_WORK TO COMPLETE_:
Leaving the images aside, transcribe all the data below exactly.

_DATASET SECTION_:
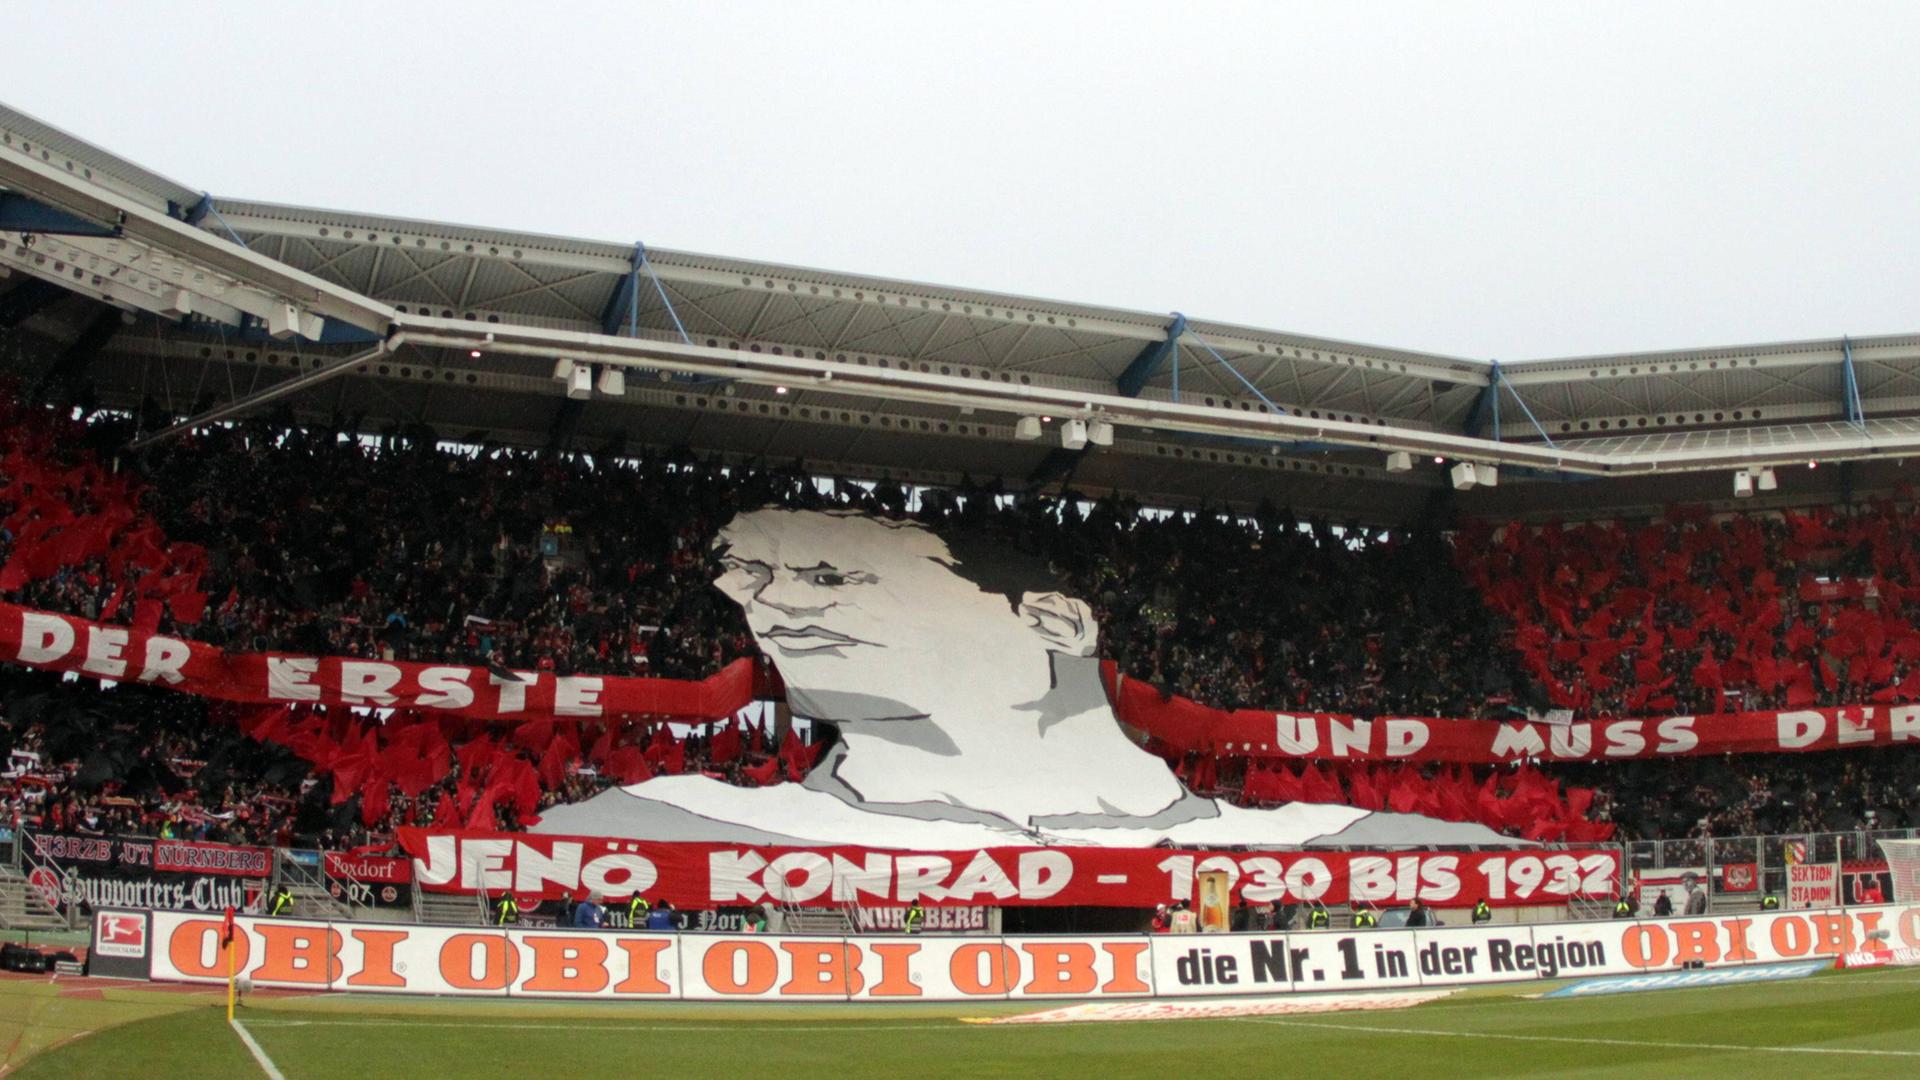 Die Fans des 1. FC Nürnberg gedenken dem Juden Jenö Konrad mit einer Choerographie.
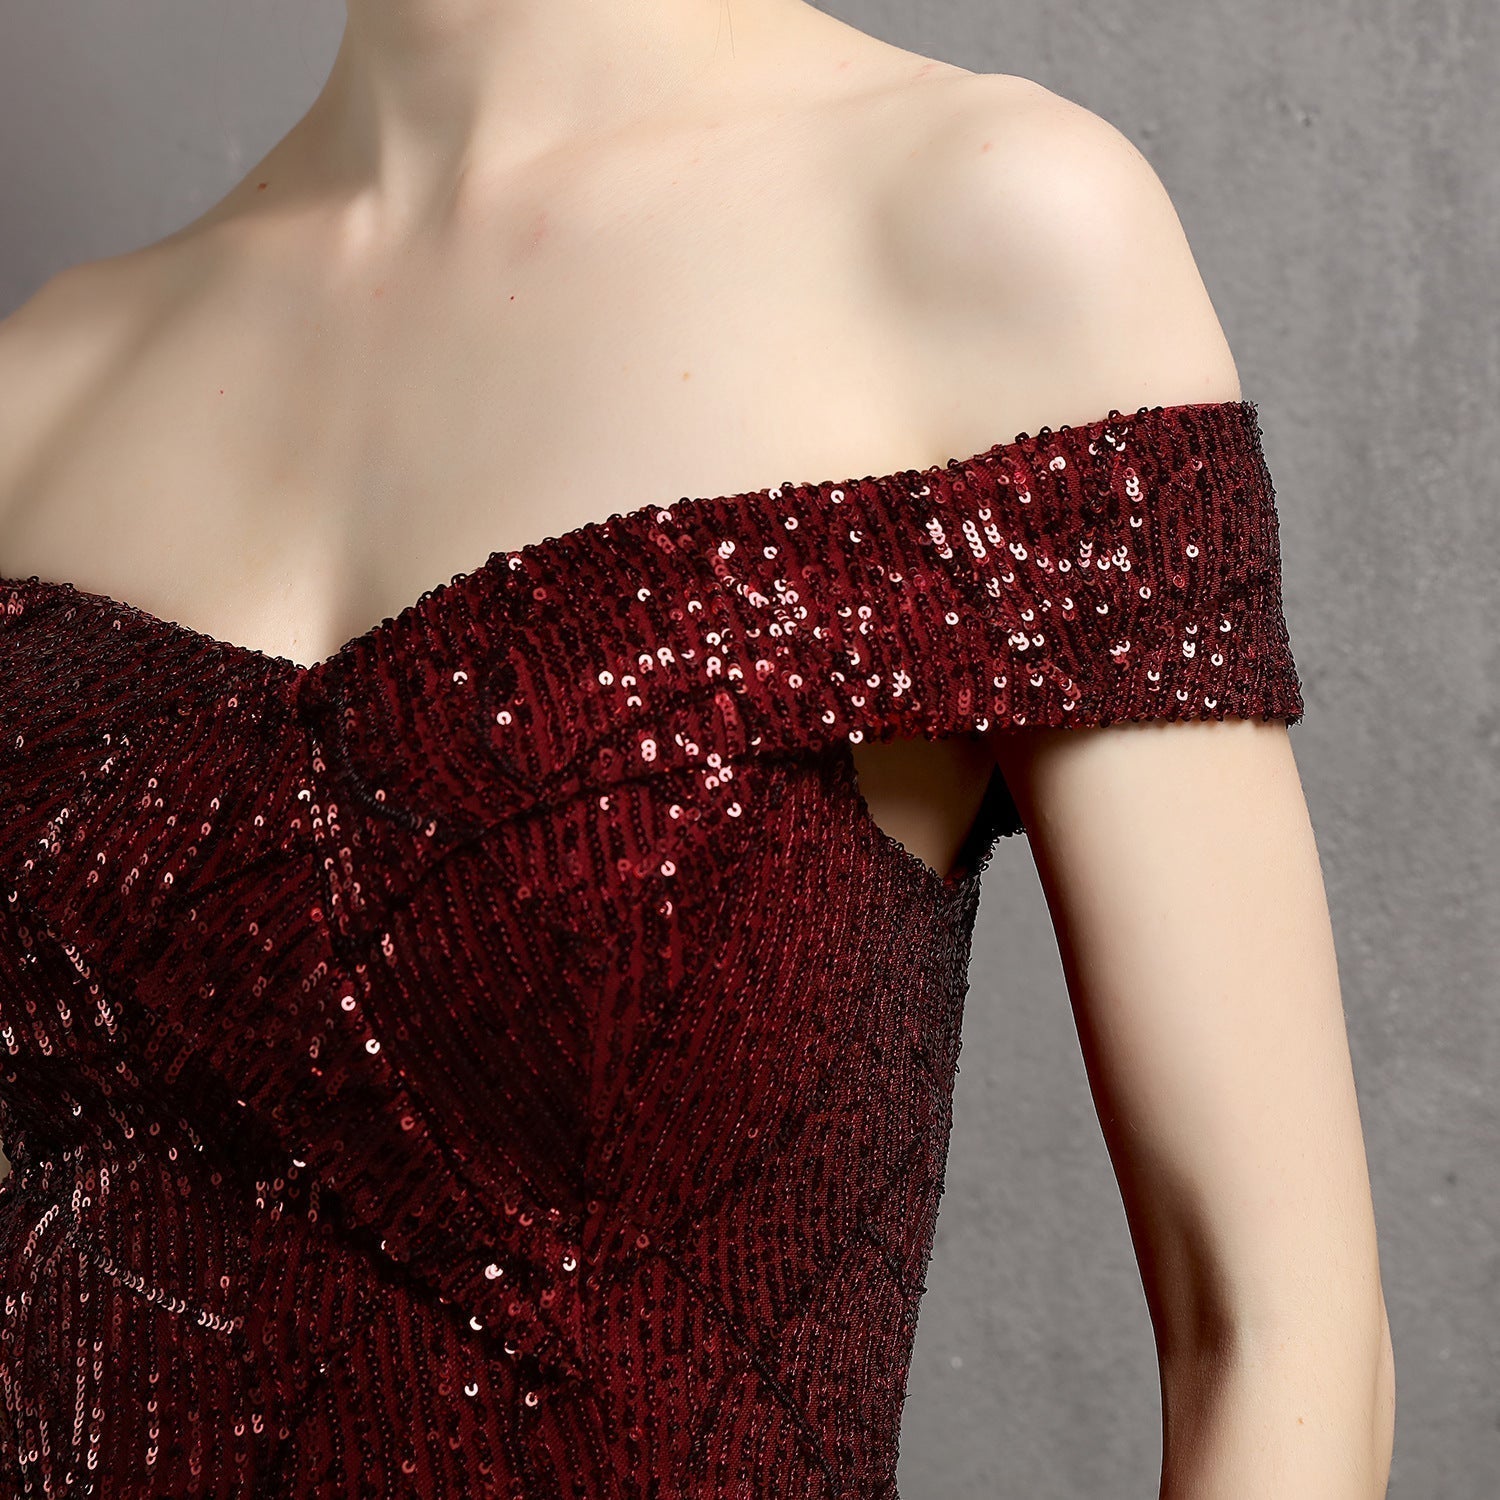 Clara Glitter Off the Shoulder Split Dress For Prom Oshnow
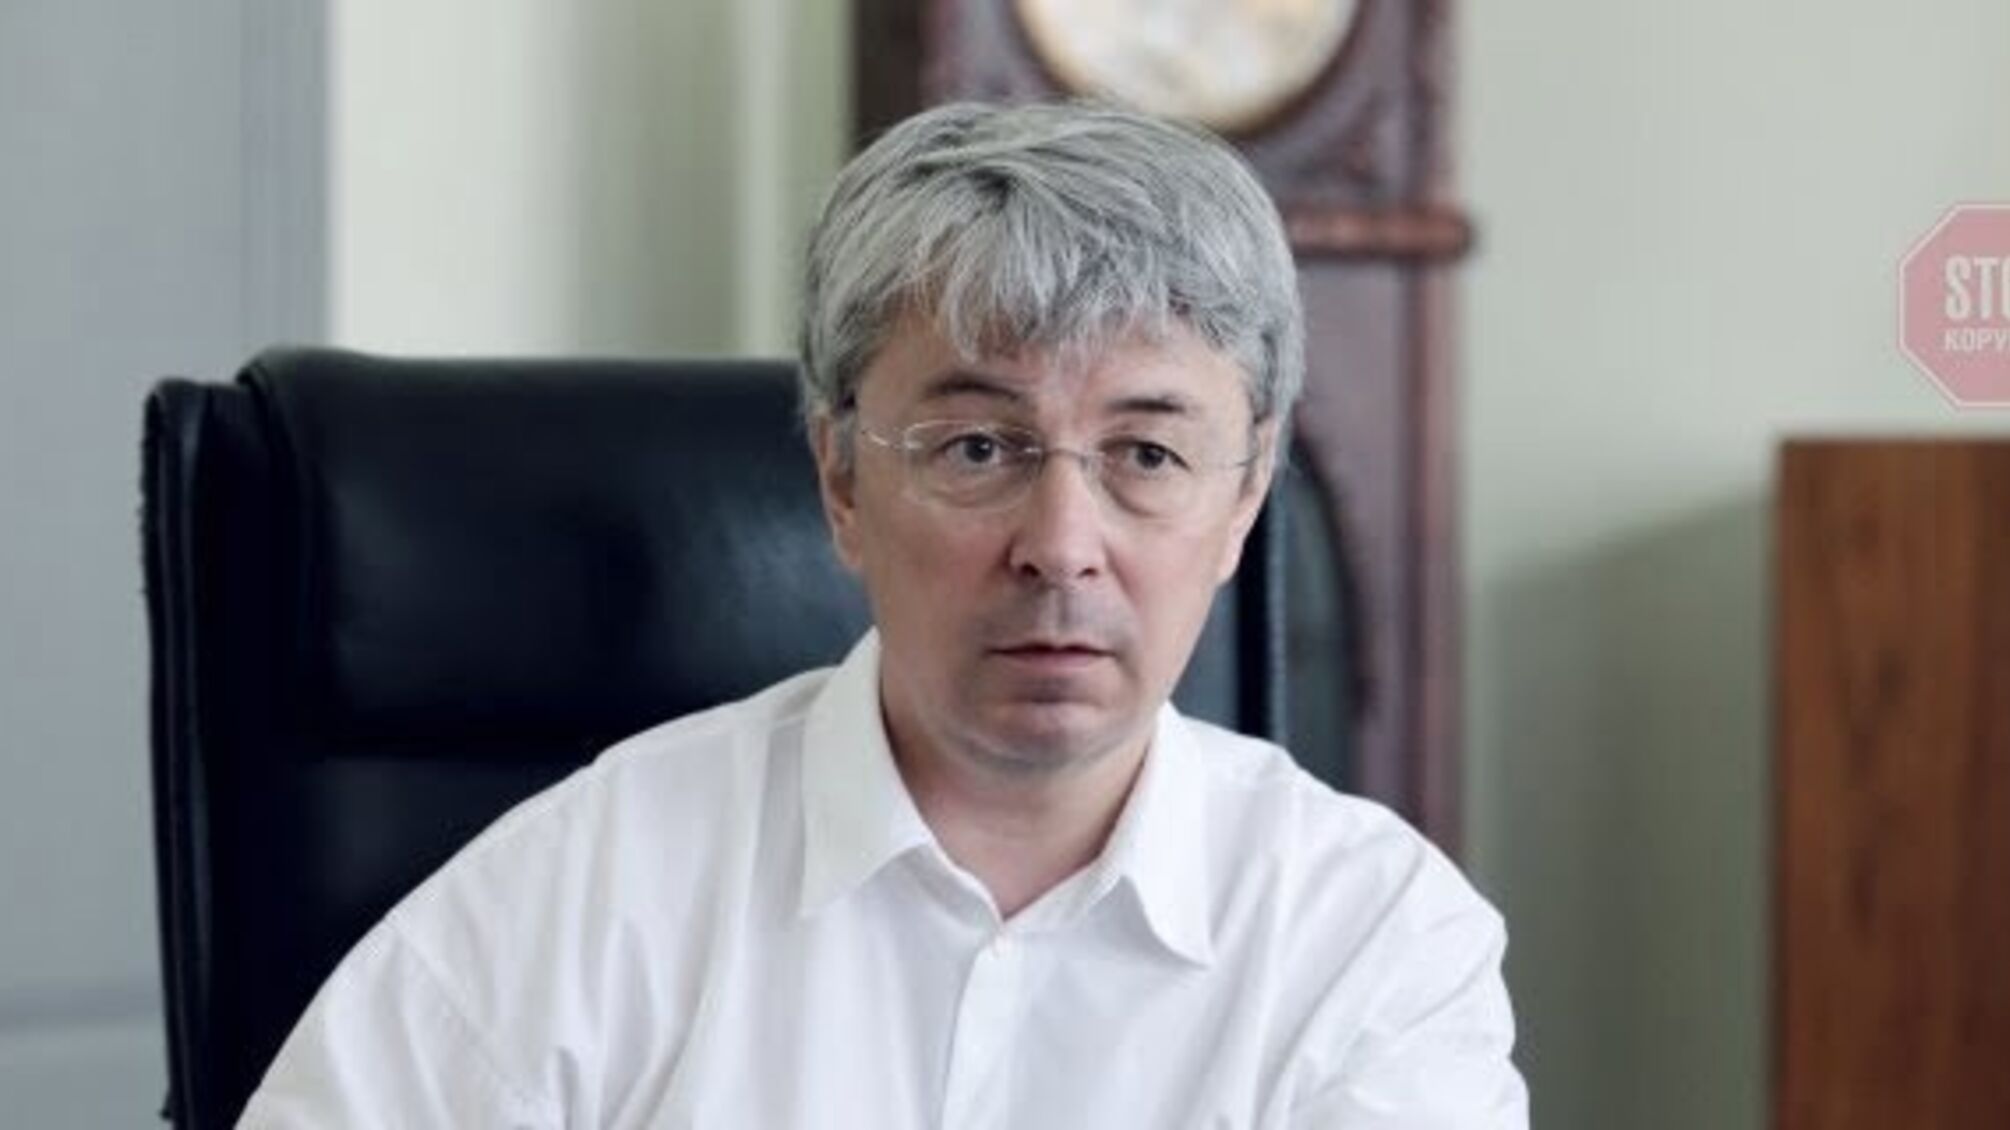 КГГА: Минкульт без объяснений запретил Киеву проводить памятное мероприятие 9 мая

_OUTPUT OF THE EXERCISE_:
 Die Fans des 1. FC Nürnberg gedenken dem Juden Jenö Konrad mit einer Choerographie.
 Clara Glitter Off the Shoulder Split Dress For Prom Oshnow
 КГГА: Минкульт без объяснений запретил Киеву проводить памятное мероприятие 9 мая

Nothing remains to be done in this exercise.